Aid wiped out by war

I hate to succomb to Afro-pessimism, let alone be seen to perpetuate it. But sometimes it's hard to avoid when you read the news. Pessimism in general is not in my nature. And having lived in West Africa, I know that the place has some of the most in innovative and resilient people in the world. I love the continent and its people and that's why events piss me off so much. I can't simply shrug my shoulders and say, "Ah, that's just the way people are there" because I know it's not true. At least not of the vast majority.

I am convinced that if the continent's post-colonial leaders had been just mediocre, if its leaders had simply stayed out of the way, then Africa would be in far better shape than it is now. Instead, it's been cursed with morons, megalomaniacs, gangsters, psychopaths and, at the best, mere crooks.

In recent weeks, I've read stories like this...

-Sudanese strongman Gen. Omar al-Bashir is preparing for a return to war in the south of the country. Perhaps the general is trying to prove his grim multitasking abilities by conducting a war and a genocide simultaneously;

-Renewed conflict in Somalia, primarily Mogadishu, has caused the homelessness of some one million people;

-The head of the DR Congo's army insists that a return to all-out war is the only solution to the crisis in the east of the country;

-There are rumbles that Ethiopia and Eritrea may start another installment of the 'world's stupidest war';

-The Nigerian parliament is trying to reverse the handover of the Bakassi Peninsula to Cameroon. The handover was agreed by former president Olesegun Obasanjo after the International Court of Justice ruled that the land belonged to Cameroon;

-As usual, Zimbabwe's collapsing dictatorship is whipping up hysteria, this time by accusing Britain of preparing to invade the country. This wouldn't be a surprise. After all, the UK already stands accused by the regime of manipulating the weather.

All this comes in the wake of a report showing how armed conflict has cost Africa nearly $300 billion during the period 1990-2005.

The non-governmental organization (NGO) Oxfam says the cost of conflict was equal to the amount of money received in aid during the same period.

Being on the board of an NGO, I follow development issues pretty closely and receive a lot of news from and about the NGO world. I always read about this or that charity damning the western world for not giving enough in development aid. They use words like 'shame' and 'disgrace' and 'pitiful.'

Incidentally, African leaders tend to be more focused on securing fairer trade deals that getting more western handouts.

I understand the tactic. NGOs are trying to appeal to liberal western guilt to get more money.

But the biggest problem isn't western 'stinginess' but a small minority of armed African thugs who hold the majority hostage.

There are many reasons aid hasn't improved things in Africa. Africans like to point to things like neo-colonialism, like foreign exploitation of natural resources, like unfair trade deals. And all of these are legitimate complaints.

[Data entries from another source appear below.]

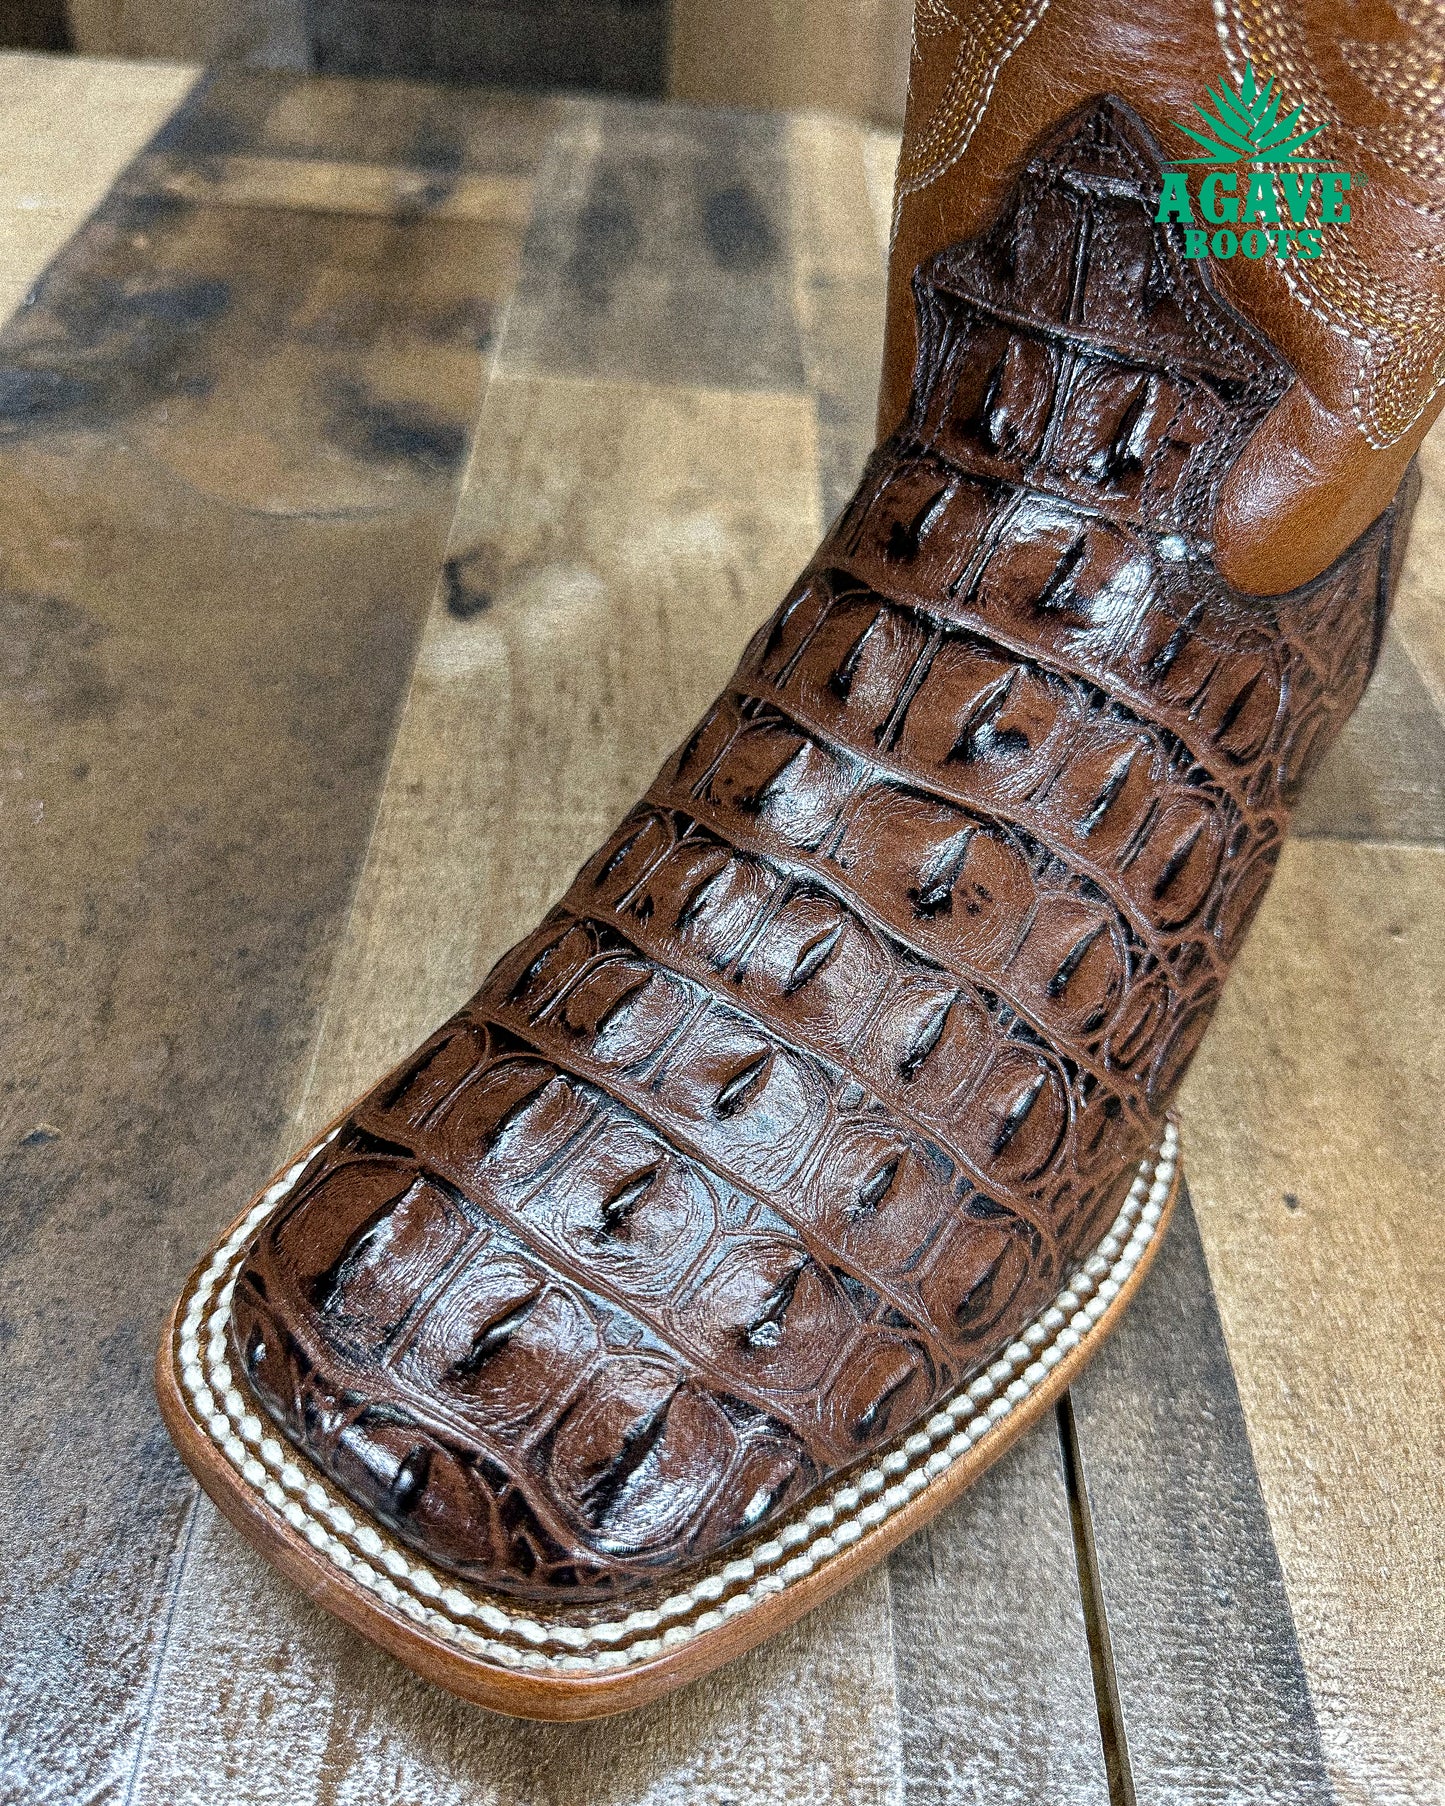 NILE CAIMAN BELLY BROWN  | MEN SQUARE TOE WESTERN COWBOY BOOTS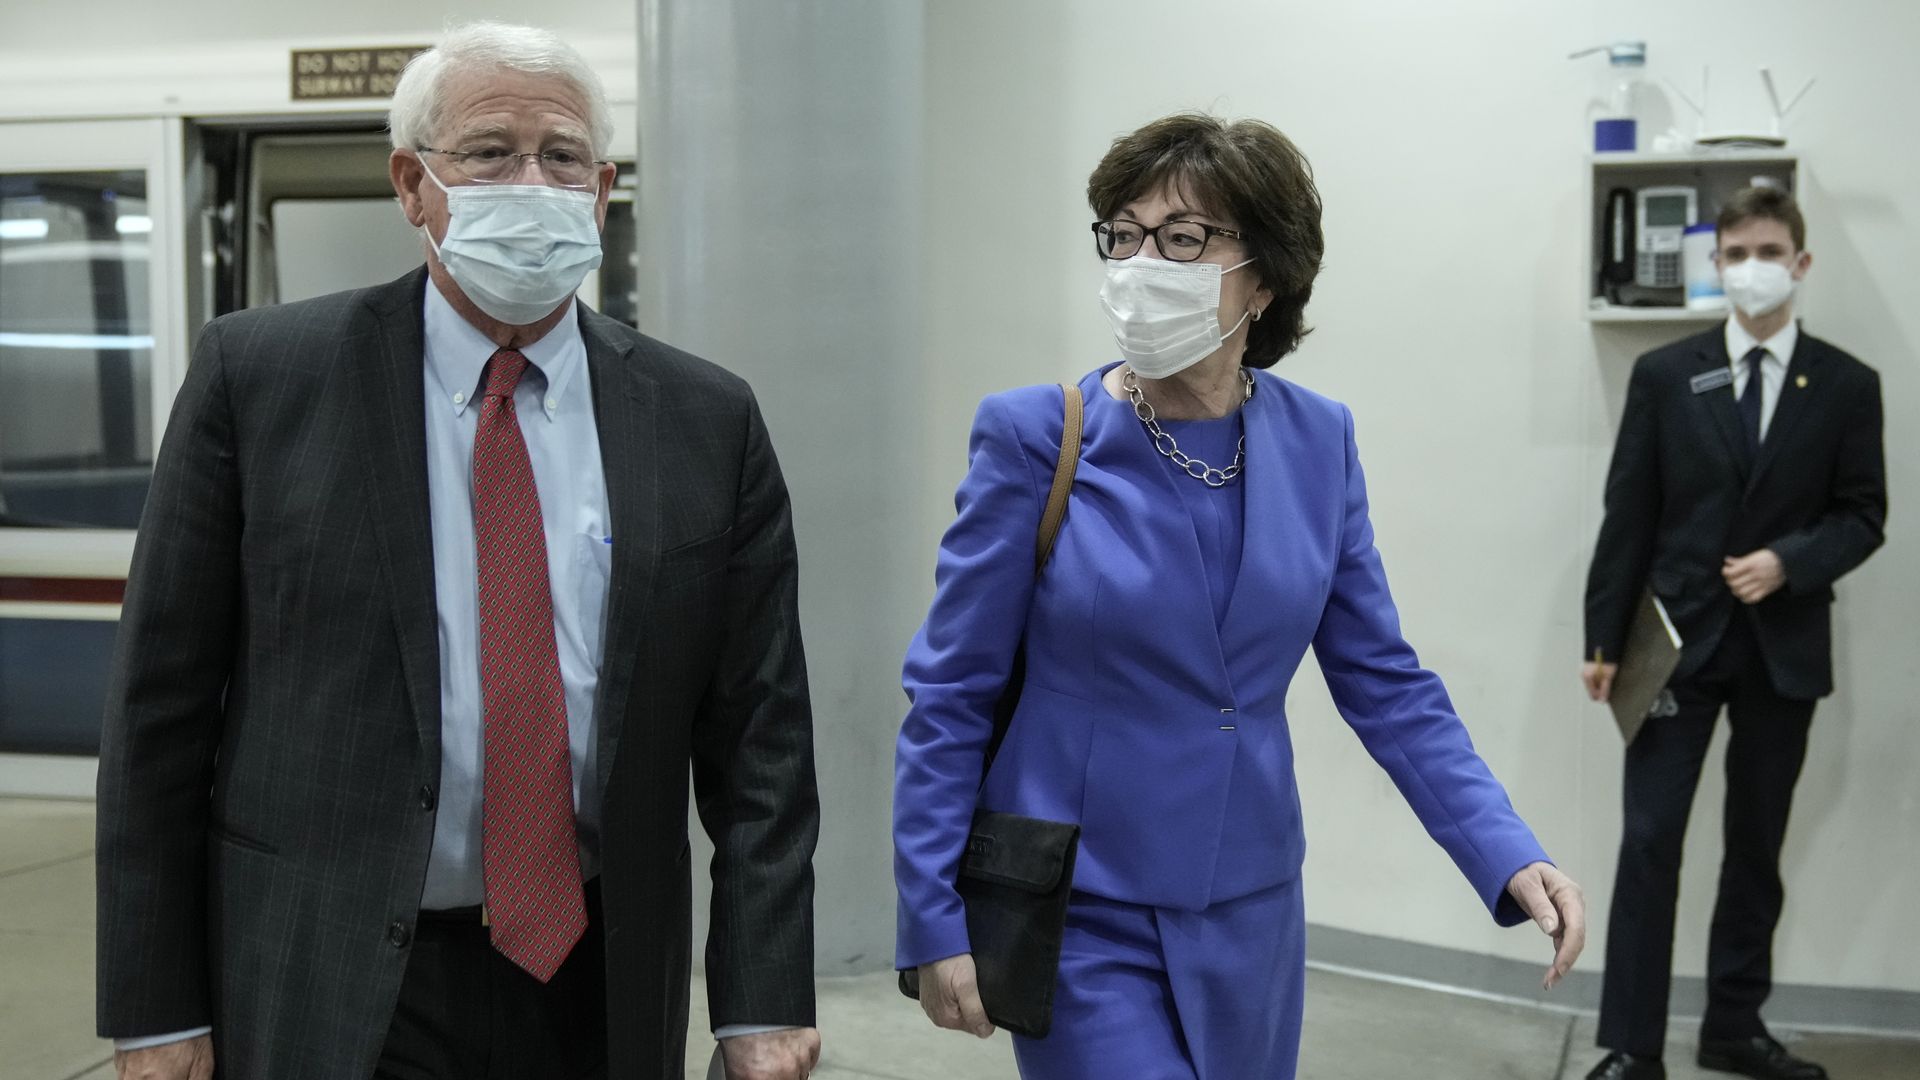 Sen. Susan Collins is seen walking into the Capitol basement on Wednesday.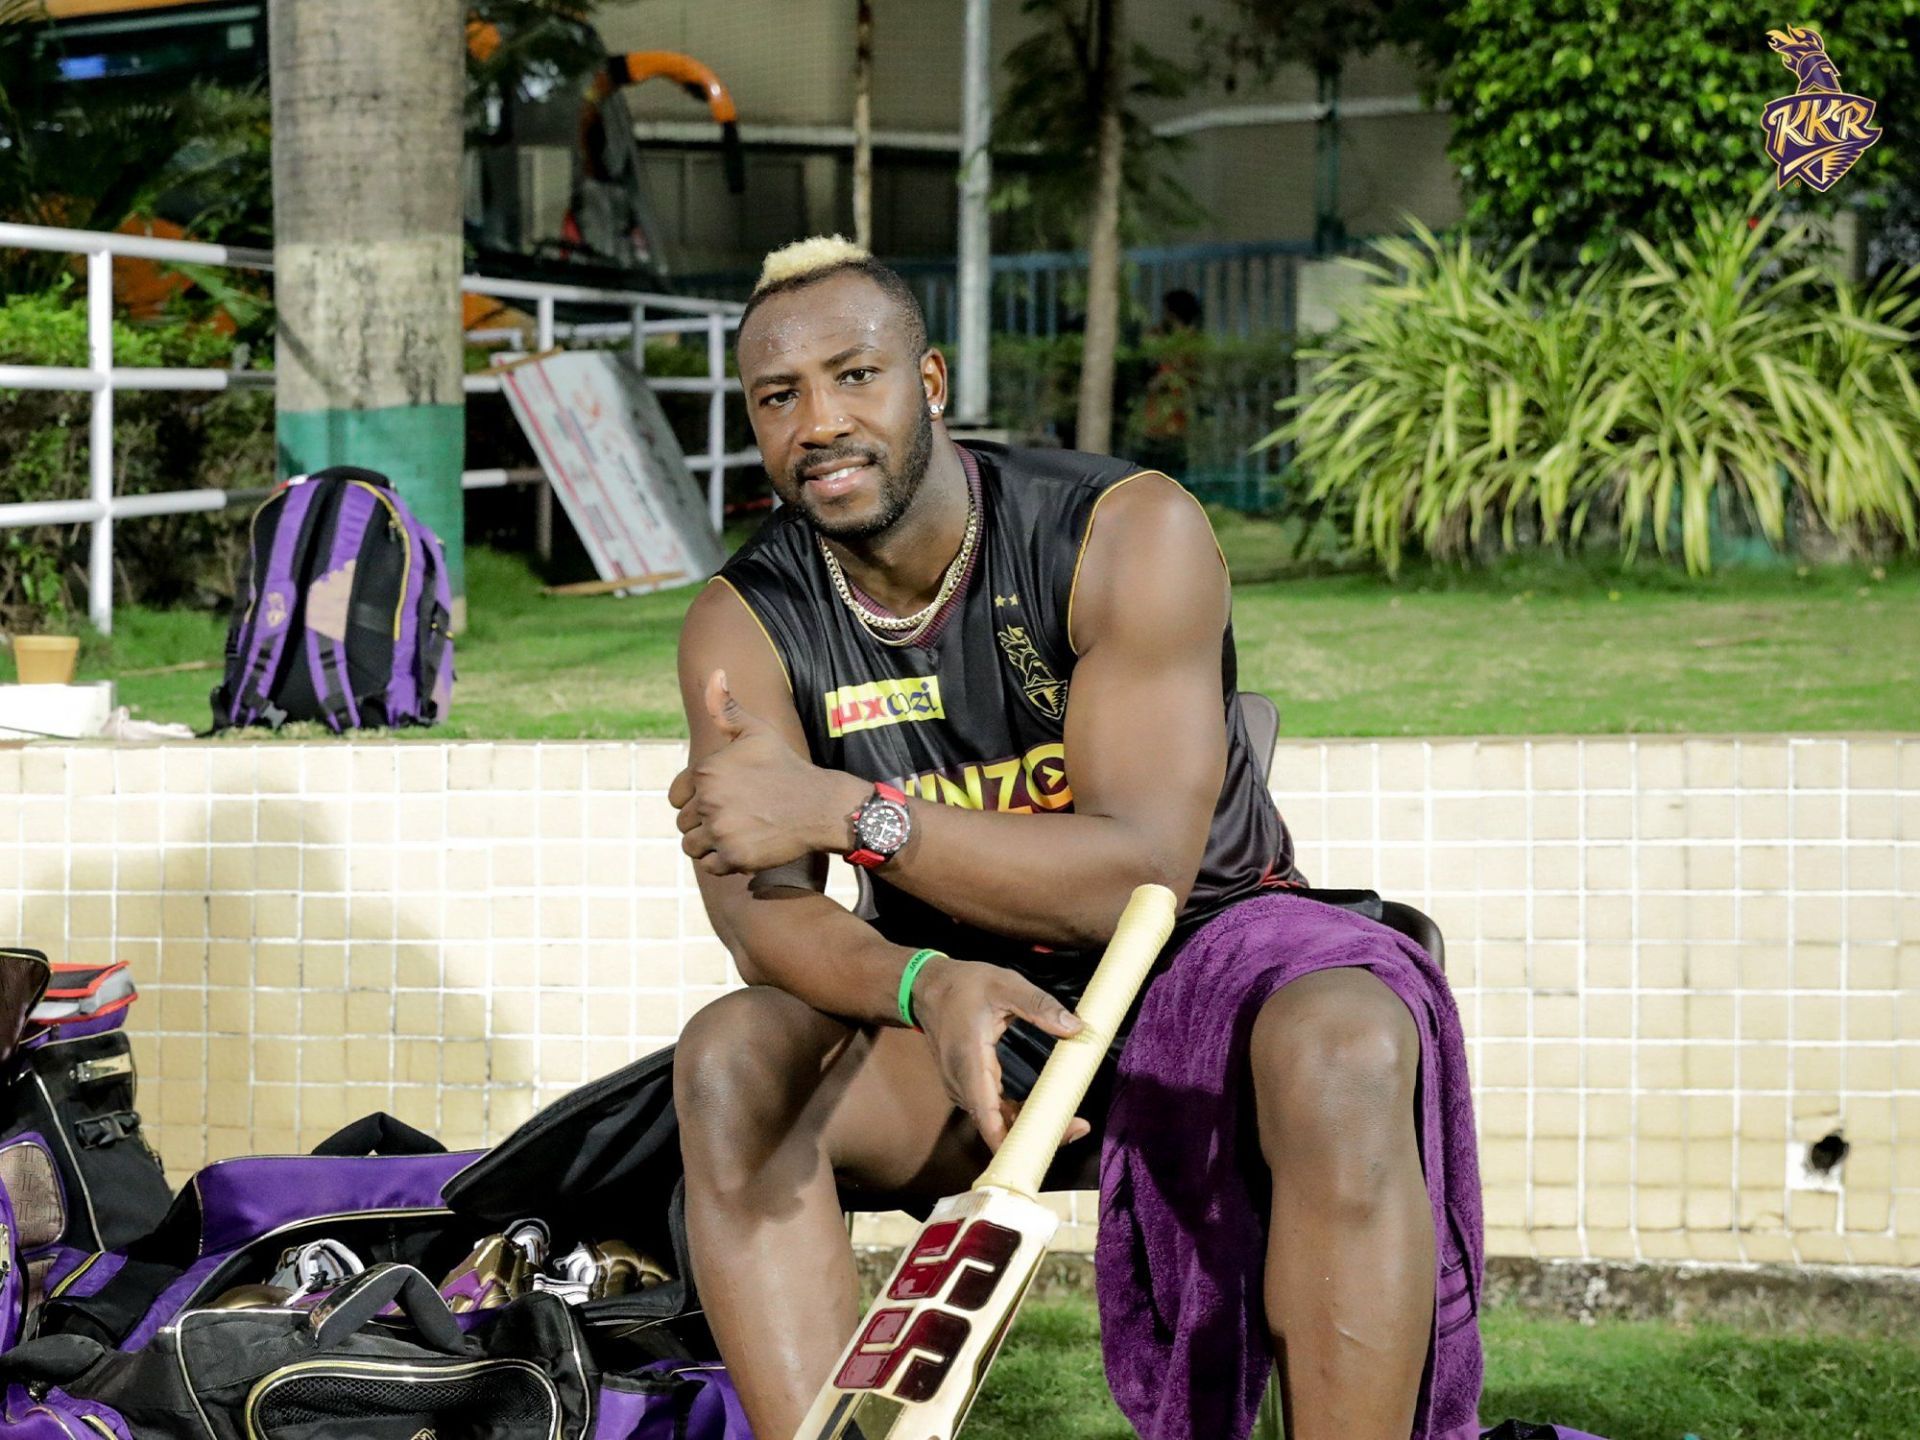 Andre Russell will play an important role for KKR in IPL 2022 (Credit: Twitter/KKR)

But one of the biggest can't be addressed by blaming others.

Aid isn't contributing to African economies. It's merely replacing the money that's being lost because of insane wars. So the continent is staying stagnant in absolute terms and regressing in relative terms.

Africa's so-called intelligentsia likes blaming everything on Europe and the United States. And these parties hardly have clean hands on the continent. After all, where do the arms for all these armed conflicts come from?

However, the result is that anyone who ever was an anti-colonial freedom fighter (Zimbabwe's Mugabe, Ethiopia's Meles, Eritrea's Isaias) seems to get a free pass... no matter how gravely they've betrayed the ideas of their own 'liberation' struggles... no matter how much they've destroyed their own countries or their neighbor's.

The US government spendt 'only' 0.14 percent of GNP (in 2003) on international development assistance. Bear in mind that this 'mere' 0.14 percent translated to $15.7 billion, by far the biggest of any country... and that PRIVATE donations by Americans accounts for another $15 billion.

People aren't being killed in the Central African Republic because the US provided 'only' $30.7 billion in aid instead of, say, $35 billion or $50 billion. Europeans aren't killing Sudanese in Darfur. Americans aren't killing Congolese in Kivu. Canadians aren't starving people in Bulawayo or making them homeless in Harare.

Ending all armed conflict won't instantaneously eradicate all poverty in Africa. But if you want to get out of a hole, the first step is to stop digging.